Hermione riu e o abraçou com força pelos ombros franzinos de menino, antes de retrucar:
─ Eu já passei, faz muitos anos, da idade de casar, meu querido. Não se preocupe, está bem? Eu ficarei sempre por perto.
O ruivinho ia contestar, mas os dois já alcançavam a porta de entrada do casebre, e o assunto deixou de ser relevante. A família Malfoy já se encontrava sentada à mesa, os lugares de Hermione e Jim foram imediatamente ocupados, após a porta ser fechada com cuidado.
Todo o casebre parecia ter sido lacrado. Lá dentro, apenas a luz suave de duas velas afastava a escuridão. Era o tipo de cuidado que todos os fugitivos tinham, quando tratavam de assuntos relativos à fuga.
Com calma, Isabella contou exatamente o que ouvira dos dois desconhecidos. Ao final da narrativa, que durara poucos minutos, Draco, Pansy e Hermione trocaram olhares aflitos.
Isabella estava mais preocupada com Jim. Ele permanecia calado, com o rosto marmóreo, mas ela sabia que ele estava lutando contra as informações.
Tudo o que Jim sabia era que seus pais o haviam enviado para longe para que ele sobrevivesse, e que seu tio Harry, o maior guerreiro de todos os tempos, segundo Draco Malfoy, havia liderado uma batalha da qual eram poucas as chances de ter sobrevivido. Mas será que era tudo verdade? E se o seu tio realmente tivesse se rebelado contra seu pai e fosse o causador da morte de sua mãe? E se os Malfoy e sua madrinha na verdade fossem os bandidos?

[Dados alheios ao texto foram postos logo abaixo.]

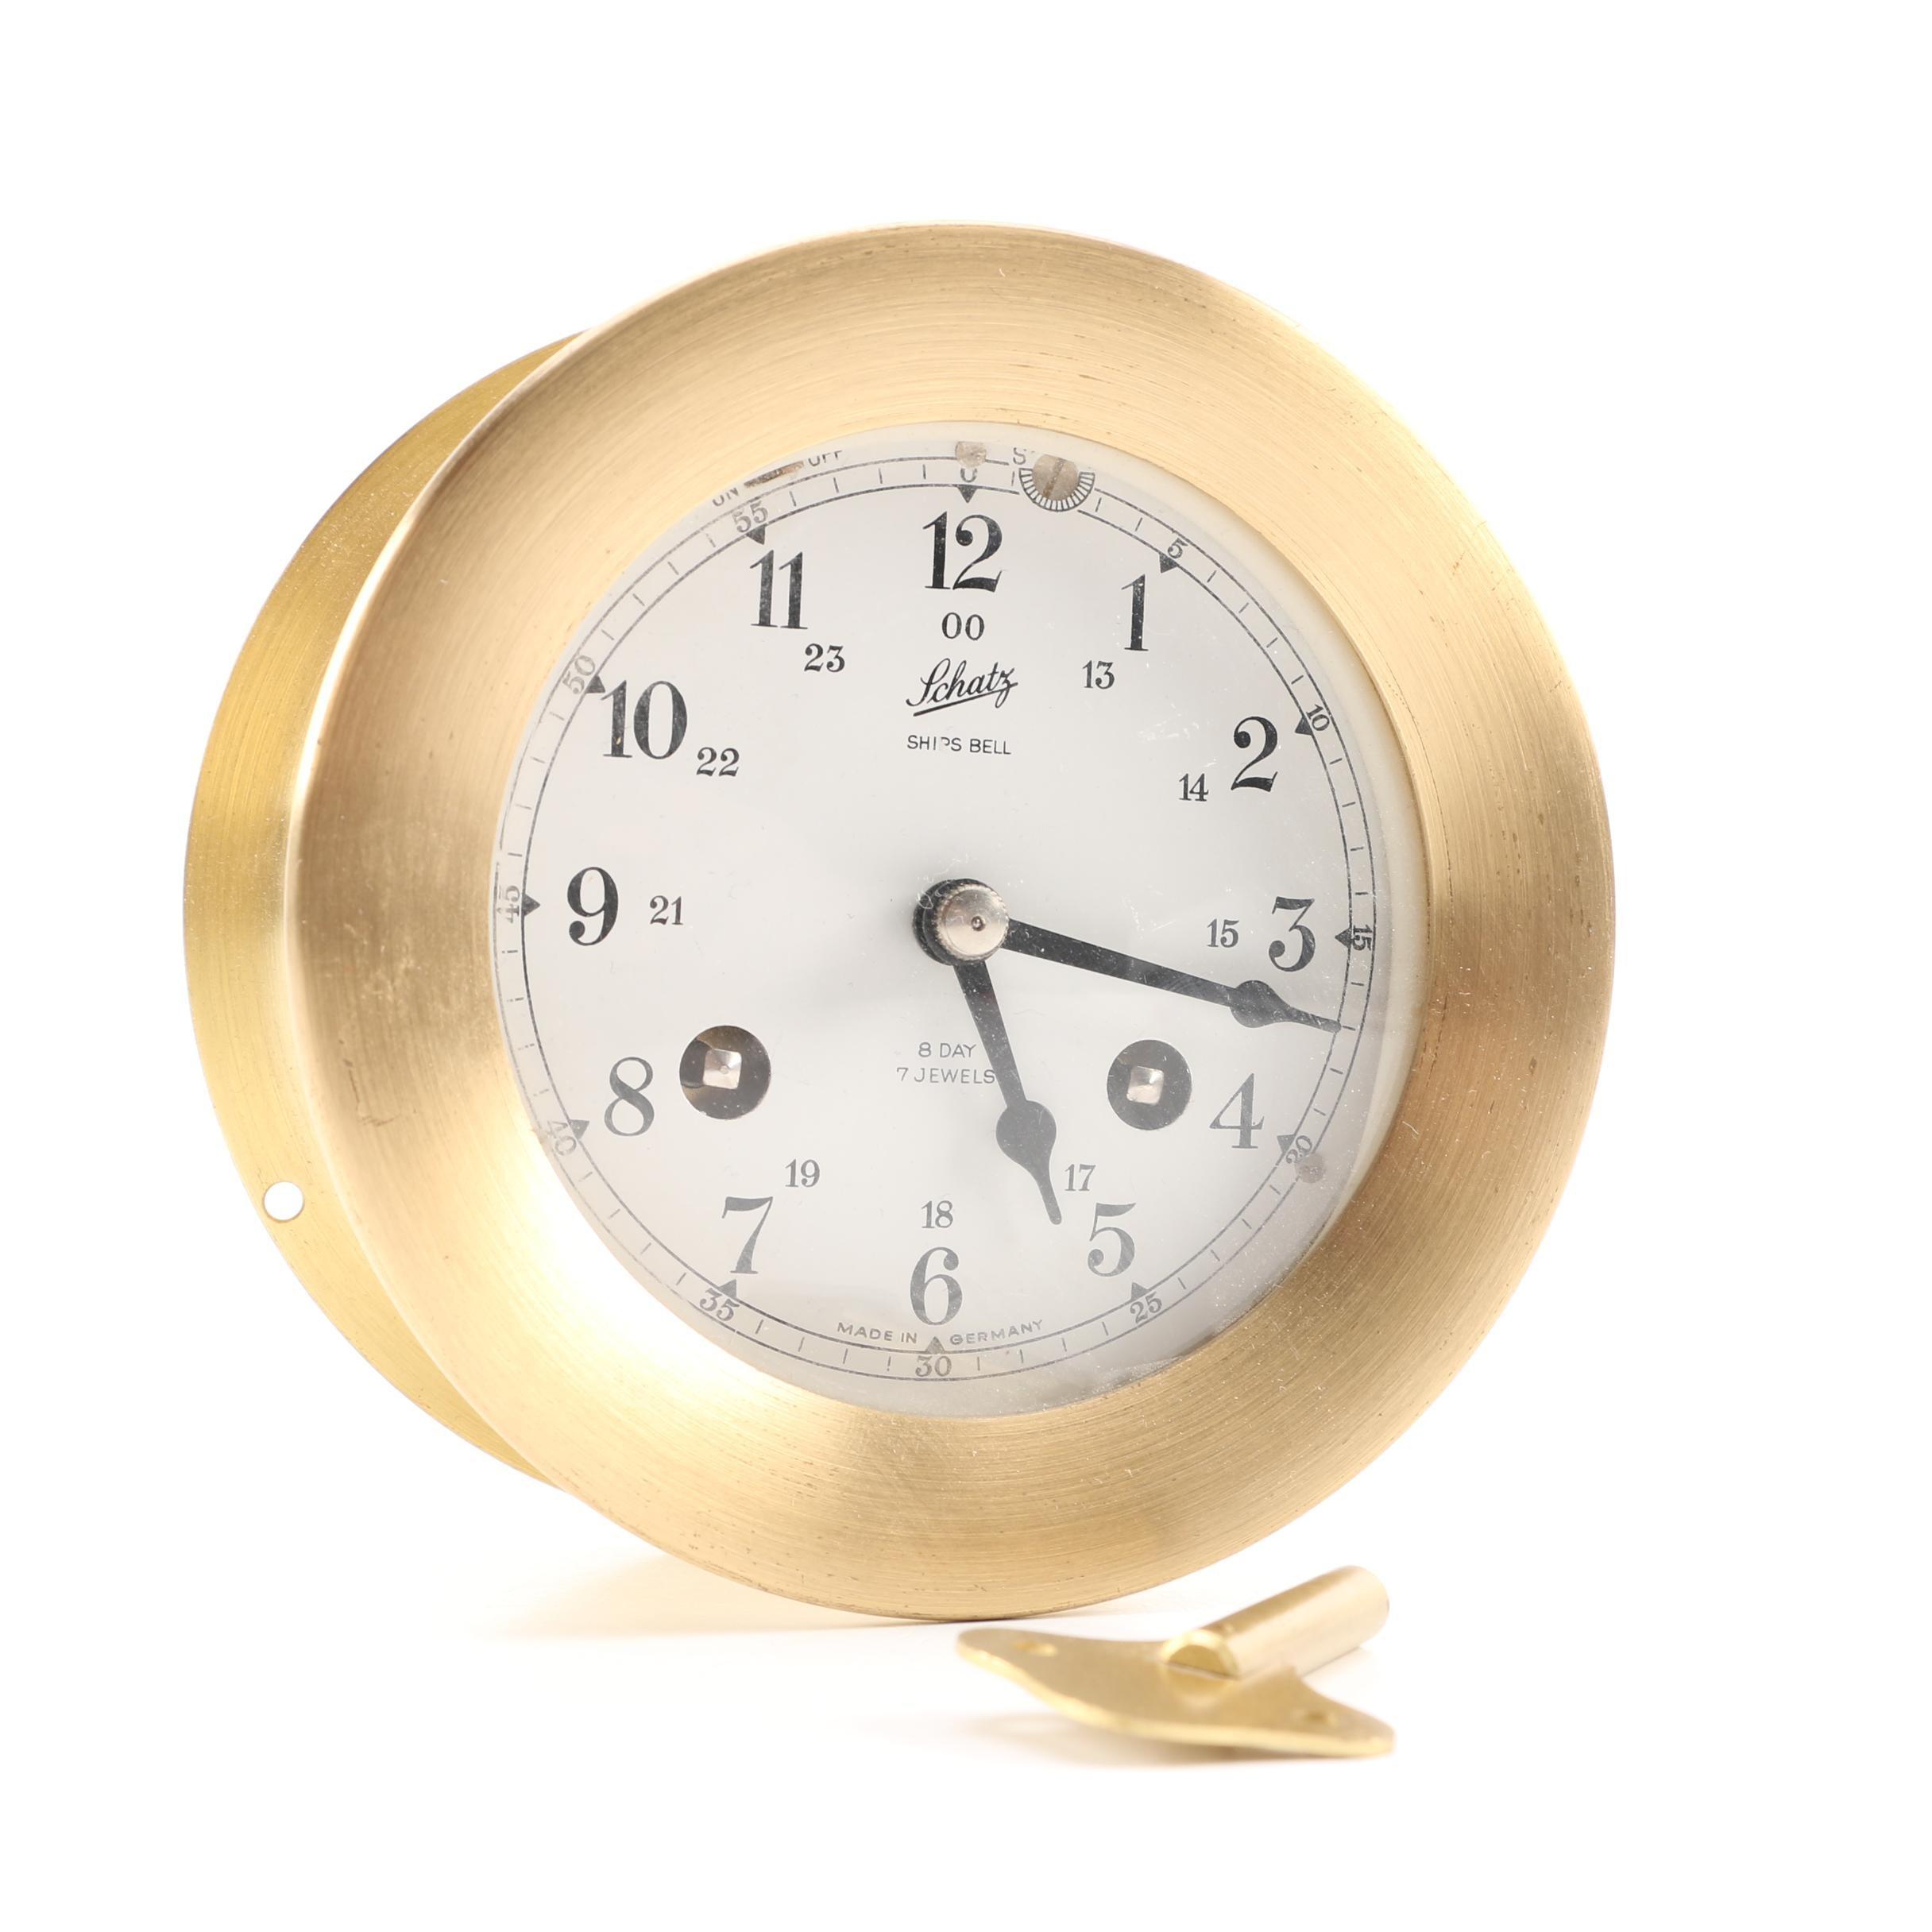 Schatz Brass Ship's Bell Clock from Germany

Ele manteve suas dúvidas caladas e evitando olhar diretamente para Bella e, num mutismo anormal, ele ouviu quando Draco falou:
─ Chegou a hora, Hermione. Temos que voltar.
Jim ergueu os olhos para a madrinha, que parecia pálida e assustada:
─ Ele ainda é um menino. O plano original não era esse!
─ Mione ─ falou Pansy segurando a mão da amiga. ─ Nós não sabemos o que aconteceu depois daquele dia terrível. Se a Rainha Luna e o Rei Ronald realmente forem reféns do rei Voldemort, há uma chance de conseguirmos unir a família. Pra isso precisamos voltar o mais rápido possível.
Hermione olhou para o casal, e então pousou os olhos no afilhado. Ele estava escondendo os sentimentos, pensou a curandeira. Talvez tivesse chegado a hora de voltar. Mesmo que isso significasse a quebra de um dos termos do plano.
─ Tudo bem ─ concordou ela suspirando. ─ Voltaremos o mais rápido possível. Qual é o plano?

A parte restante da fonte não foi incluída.